A Preston court is set to rule whether a brain damaged woman should be allowed to die.
Her family is in dispute over the ongoing care of the woman who has no capacity to make any decisions about her health, a court has heard.
The pensioner, who can only be identified as Mrs P, is said to be in a "minimally conscious state" on an acute hospital ward following a fall last year.
A Court of Protection judge is being asked to consider whether Mrs P should continue to receive clinically assisted nutrition and hydration.
The woman's daughters and her partner all consider it would not be in her best interests and she should be provided with palliative care.
But her sisters disagree and say an artificial feed should be maintained to see whether she might improve further.
The hearing in Preston was told of an email that Mrs P sent to one of her daughters more than three-and-a-half years before her fall.
It read: "Did you see that thing on dementia? Made me think of dad and what a travesty of life his last years were all the sadder as he had such an incredible talent.
"You know I miss Mum everyday and still talk to her but it is a comfort that she went quickly and I'm still haunted by how he ended up ... Get the pillow ready If I get that way?"
But the sisters say their sibling would have wanted the opportunities to progress and improve.
One of the sisters thought the withdrawal of feeding would amount to a form of "legalised killing", while another said the medical profession should be the judge of what treatment is provided.
The NHS foundation trust which is treating Mrs P has applied to the court to continue providing clinical treatment and transfer Mrs P to a specialist nursing home.
Joseph O'Brien, for the NHS trust, told Mr Justice Hayden: "Very early on Mrs P's daughters were expressing the view to the clinicians that she would not wish to have any treatment which would continue her existence, her life, if she in fact was suffering from brain damage."
He said witness evidence from friends and neighbours, with recollections of specific conversations, would also set out what the woman would wish to happen to her "in the event she found herself either with dementia or with any cognitive problems".
But he added: "There is a strong presumption about the preservation of life.
"On the evidence we've seen so far there is nothing that's strong enough to rebut the notion that in the circumstances she currently finds herself, she would wish treatment to be discontinued."
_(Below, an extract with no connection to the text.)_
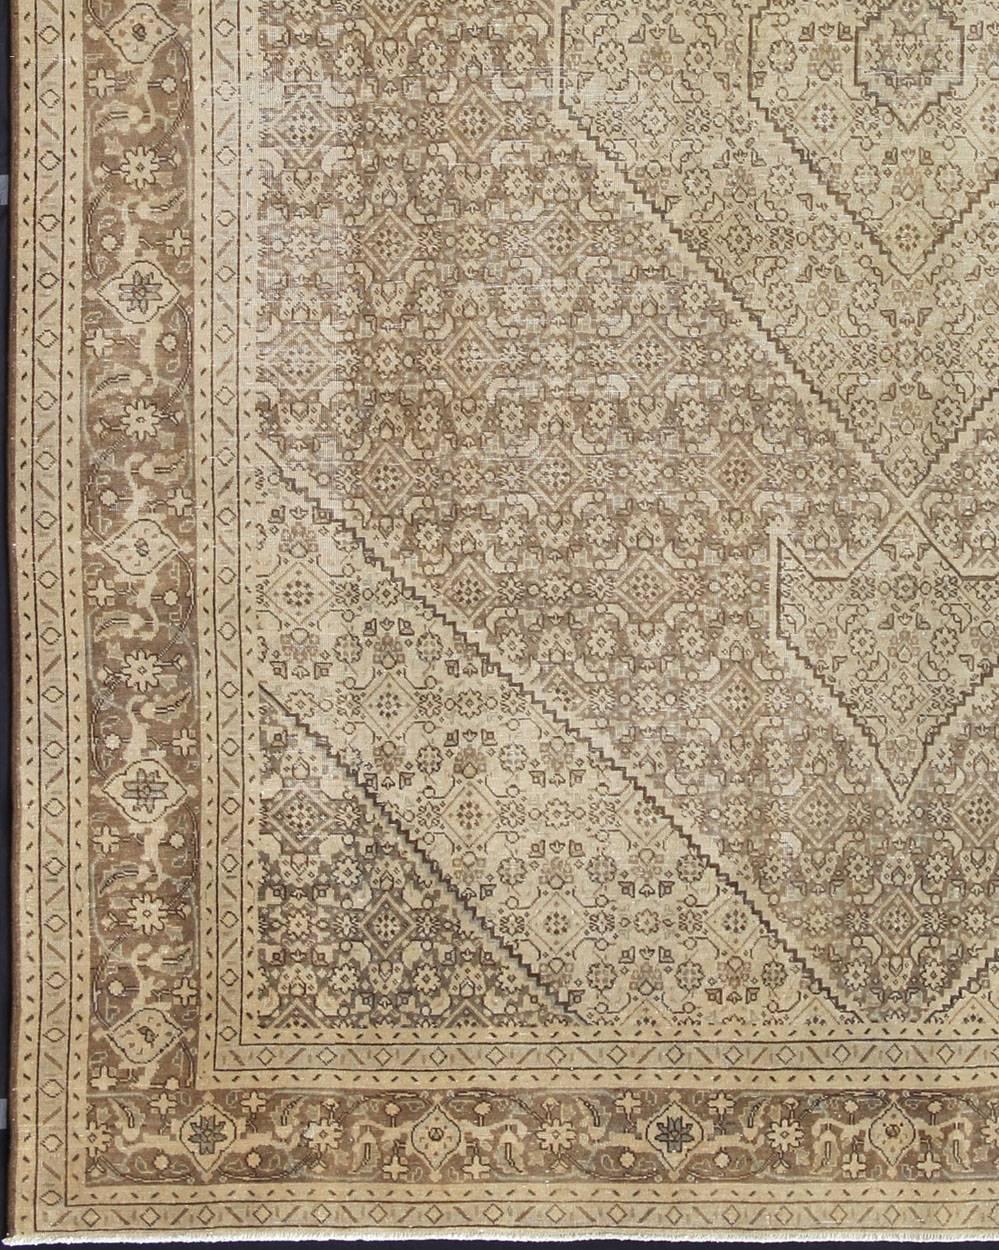 Traditional medallion and vine designs are expressed in a muted palette of neutral wheat and taupe hues, with splashes of dark brown punctuating the overall design of this Tabriz rug from the first part of the 20th Century.
Measures: 9'9 x 12'4.

Two medical experts who have looked at the case agree there would be no further change in Mrs P's underlying neurological and neurophysiological state.
They also agree there would be no significant improvement in terms of underlying levels of awareness and responsiveness
But both have different opinions on whether nutrition and hydration should continue.
One says she believes there is a reasonable prospect that in a different environment Mrs P would become more interactive with other people, and that Mrs P does at time show pleasure and does engage with therapy, nursing and medical staff.
But the other expert feels that Mrs P shows evidence of distress and not wishing to engage socially, at least from time to time.
He also does not agree that Mrs P will have a marked improvement in her level of social engagement and quality of life in a different setting.
The hearing continues.
Usha Grieve, Director of Information & Partnerships at Compassion in Dying, said: “This case is tragic and no doubt deeply upsetting for Mrs P’s family, who have already suffered the heartbreak of seeing her sustain such a serious brain injury. Mrs P’s family are now having to endure further distress due to a disagreement over whether she should continue to receive life-prolonging treatment.
"No one plans to have an accident or become unwell – but there are things you can do now to help ensure that what has happened in this case does not happen to you and your family. An Advance Decision, also known as a Living Will, is a legally-binding document that allows you to state whether you would want to refuse life-prolonging treatment should you later become unable to make or communicate these decisions for yourself. Rather than leaving these choices up to doctors or family members who may disagree over what you would have wanted, making an Advance Decision means that you can remain in control of future decisions about your care and treatment and feel reassured that your wishes will be followed, even if tragedy strikes."